Pourtant, le seul contact qu’elle aurait dû avoir avec les gens, c’était avec les bonnes qui lui apportaient de la nourriture et qui examinaient son corps pour voir si quelque chose n’allait pas… ce qui signifie qu’ils n’auraient pu utiliser qu’un seul moyen.

« Ça ne peut pas être… Je l’ai écrasée, il n’y avait rien…, » déclara Kiad.

« C’est méchant. Avez-vous vraiment écrasé la tarte de ma chef ? Elle y a mis son âme… bien que ce ne fût qu’une collation pour Lise, » déclara Takumi.

Takumi sursauta en agitant le document devant lui.

« Avez-vous oublié que Suzuran est une entreprise de la ville basse ? Nous sommes les plus petits crapuleux du coin… et notre façon de faire nous rend vraiment justice. Nous connaissons beaucoup de moyens de contrebande, et c’est très facile pour nous de communiquer quand nous parlons en langage codé entre nos camarades, » déclara Takumi.

Les sucreries cuites signifiaient qu’ils allaient passer quelque chose en contrebande, le panier était la façon dont ils allaient l’exécuter, mettre les sucreries dans le panier signifiait que le contrat était quelque part là-dedans, et le faire pour Lise signifiait qu’elle était impliquée avec le contrat.

« Notre ancien chef adorait inventer ce genre de truc.
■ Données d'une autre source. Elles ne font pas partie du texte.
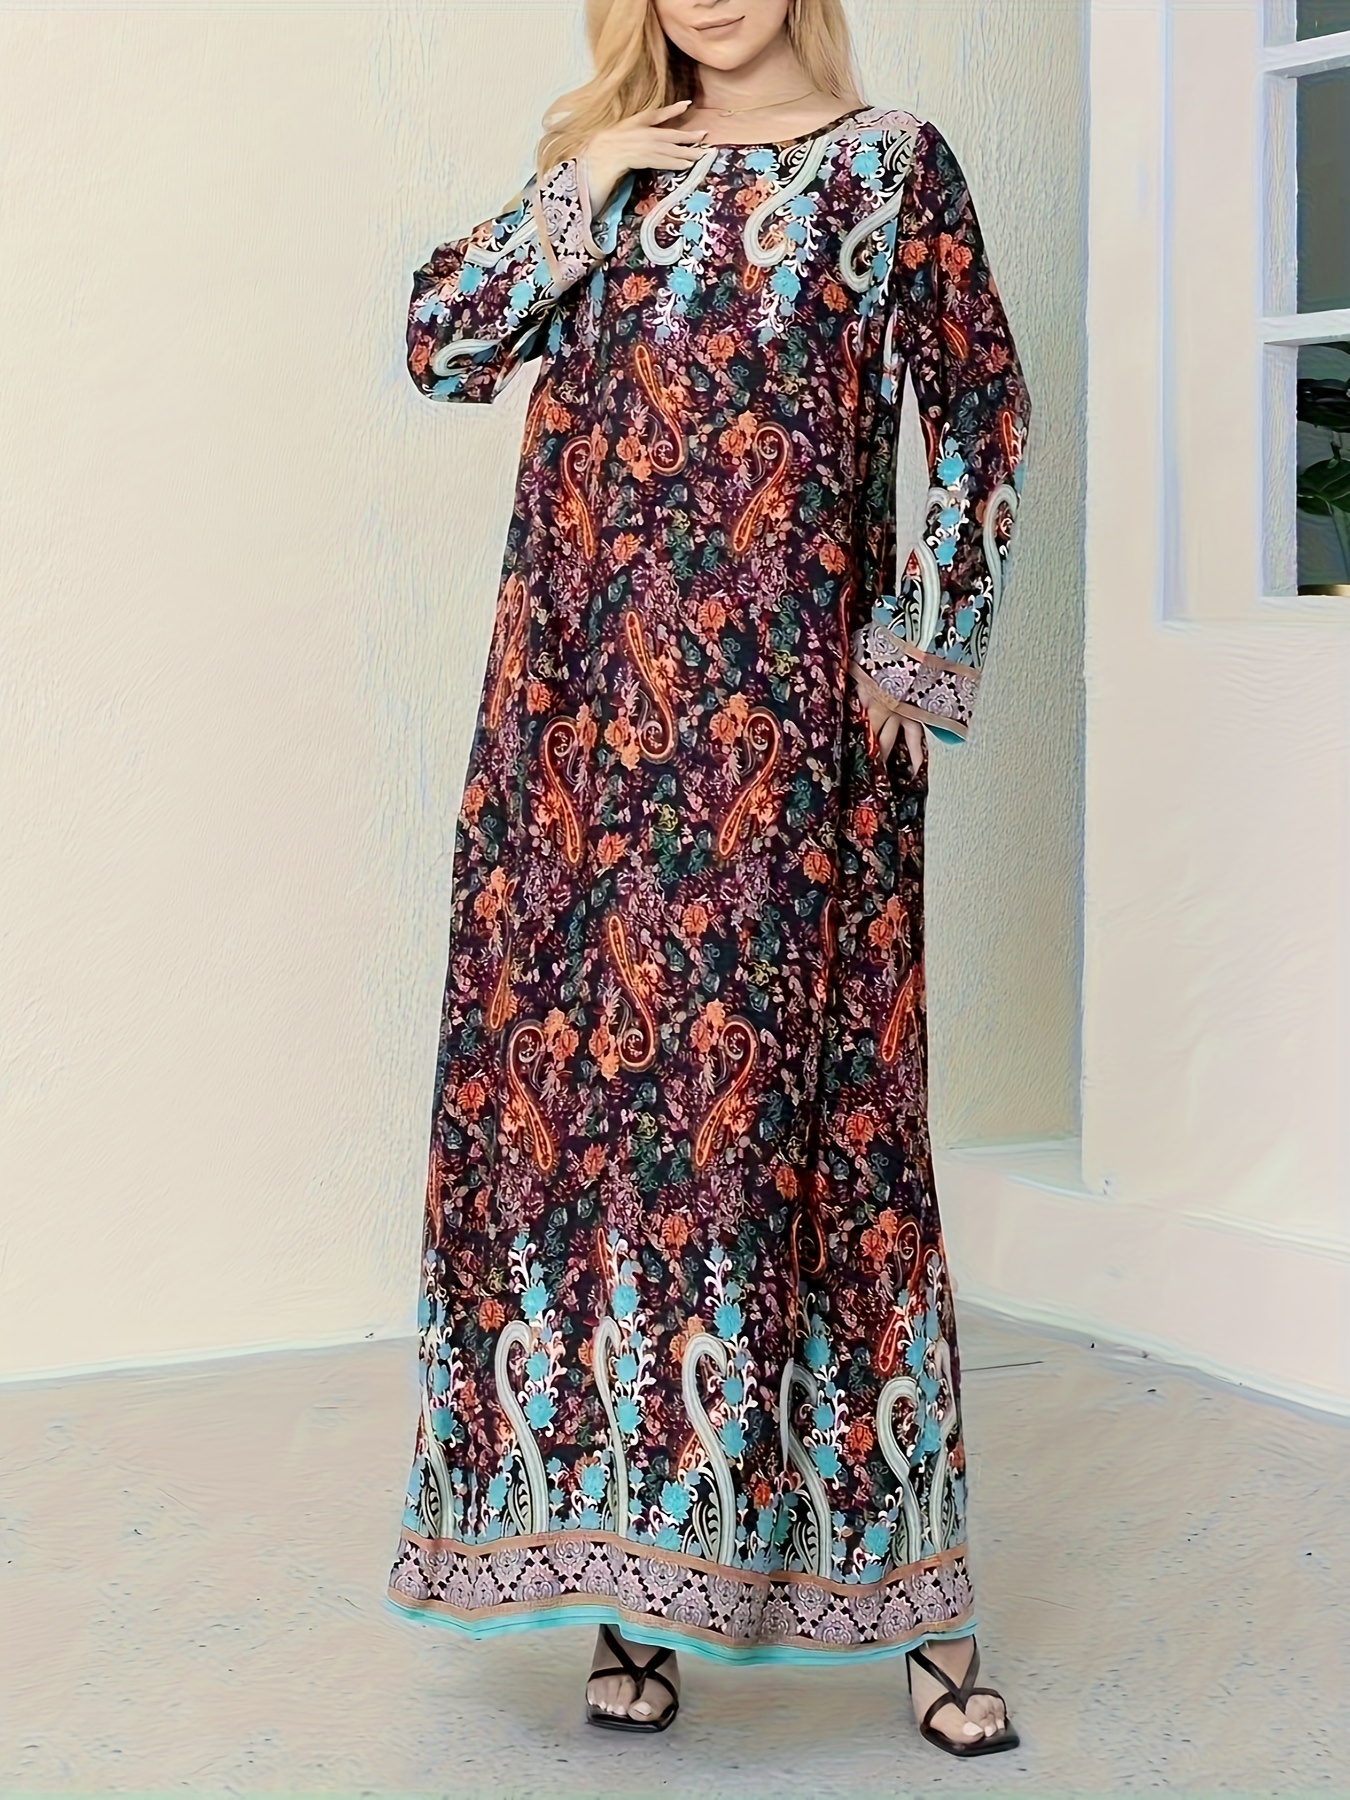 Φόρεμα Με Τσέπες Και Boho Λουλουδάτο Σχέδιο, Μακρυμάνικο Μάξι Φόρεμα Με Στρογγυλή Λαιμόκοψη Για Διακοπές, Γυναικεία Ρούχα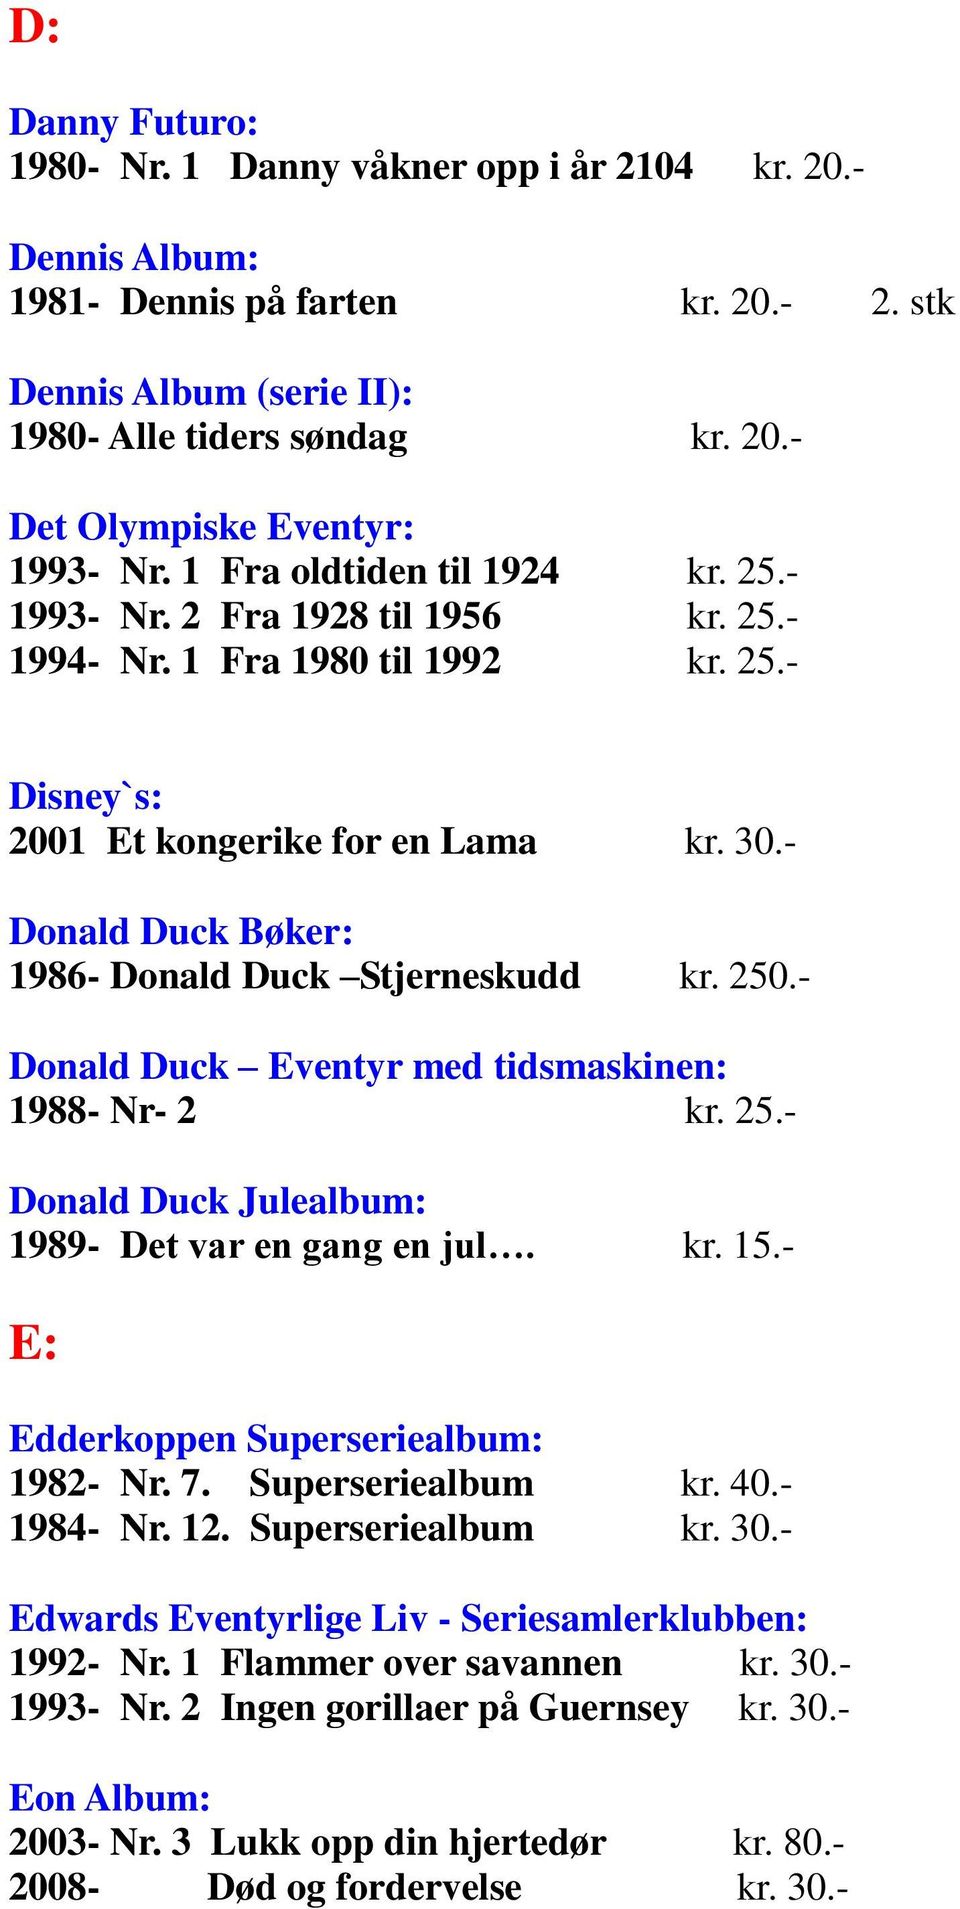 - Donald Duck Bøker: 1986- Donald Duck Stjerneskudd kr. 250.- Donald Duck Eventyr med tidsmaskinen: 1988- Nr- 2 kr. 25.- Donald Duck Julealbum: 1989- Det var en gang en jul. kr. 15.

Si vous faites les bonnes choses dans le bon ordre, la poignée du panier se détache et révèle qu’il est vide à l’intérieur, » expliqua Takumi.

C’était ce que la Famille Vatel avait inventé.

Si l’on ne froissait pas le papier mince du panier et qu’on pelait lentement celui du dessous, on voyait le mémo montrant comment activer le mécanisme, puis on trouvait le contrat et le message cachés dans la poignée du panier.

« Ce panier est comme une liste imprimée d’instructions. Il n’y a pas de raison de faire autrement, » déclara Takumi.

« Comment quelqu’un peut-il comprendre comment ça marche sans explications ? C’est inutilement risqué ! » déclara Kiad.

« Risqué ? Qu’est-ce que vous voulez dire ? Je ne laisse rien au hasard, » Takumi avait dit ça en riant sous son nez. « Je savais que Lise comprendrait. Je me suis assuré qu’elle ferait ce qu’il fallait, puisque j’ai observé sa personnalité, ses principes comportementaux, les gens autour d’elle et ce qu’elle pense d’eux. »

C’est pourquoi il avait préparé la lettre et le contrat pour elle.

Lise avait été réduite en esclavage à cause de l’énorme dette qu’elle avait envers Takumi : comme elle ne pouvait pas le rembourser avec de l’argent, elle avait dû le payer de sa vie.

« JE… JE NE PEUX PAS DU TOUT ACCEPTER ÇA ! » cria Kiad.

« On s’en fout si vous ne le faites pas, la loi de ce pays me permet de l’asservir, » déclara Takumi.

Takumi avait tapoté sur sa tempe.

« Texte sacré… section droit, article vingt, ligne dix-huit : Si un débiteur ne peut pas payer sa dette à son créancier, le débiteur peut être asservi par le créancier, qui sera alors propriétaire de la fortune et des droits de la personne du débiteur. J’asservis légalement Lise Crest, » déclara Takumi.

Cette loi avait presque été oubliée… mais la loi était toujours en vigueur.

« Si vous essayez de m’empêcher d’avoir ce que je possède légitimement, vous serez exposé publiquement comme un criminel. Alors, en tant que criminel, la loi vous forcerait à l’esclavage malgré votre statut de seigneur, » déclara Takumi.

Le sourire cruel de Takumi ressemblait à celui d’une bête sauvage.

« C’est dommage que Lise soit devenue esclave, mais j’ai déjà trouvé quelqu’un qui paierait beaucoup d’argent pour elle. Je rencontrerai l’acheteur quand j’en aurai fini avec vous, » déclara Takumi.

Il n’avait pas précisé le nom de l’acheteur, mais c’était évident.

« Maintenant… Je vous le dirai autant de fois que vous le voulez — échec et mat, » déclara Takumi.

C’était les mêmes mots qu’il lui avait dits au buffet.

Il avait tout planifié jusque-là.

« Vous n’avez jamais rien pu changer à mon plan. Peu importe à quel point vous vous tortillez, il n’y a rien qu’un ver comme vous puisse faire, » déclara Takumi.

Takumi regarda les yeux de Kiad — une ombre de peur les peignait.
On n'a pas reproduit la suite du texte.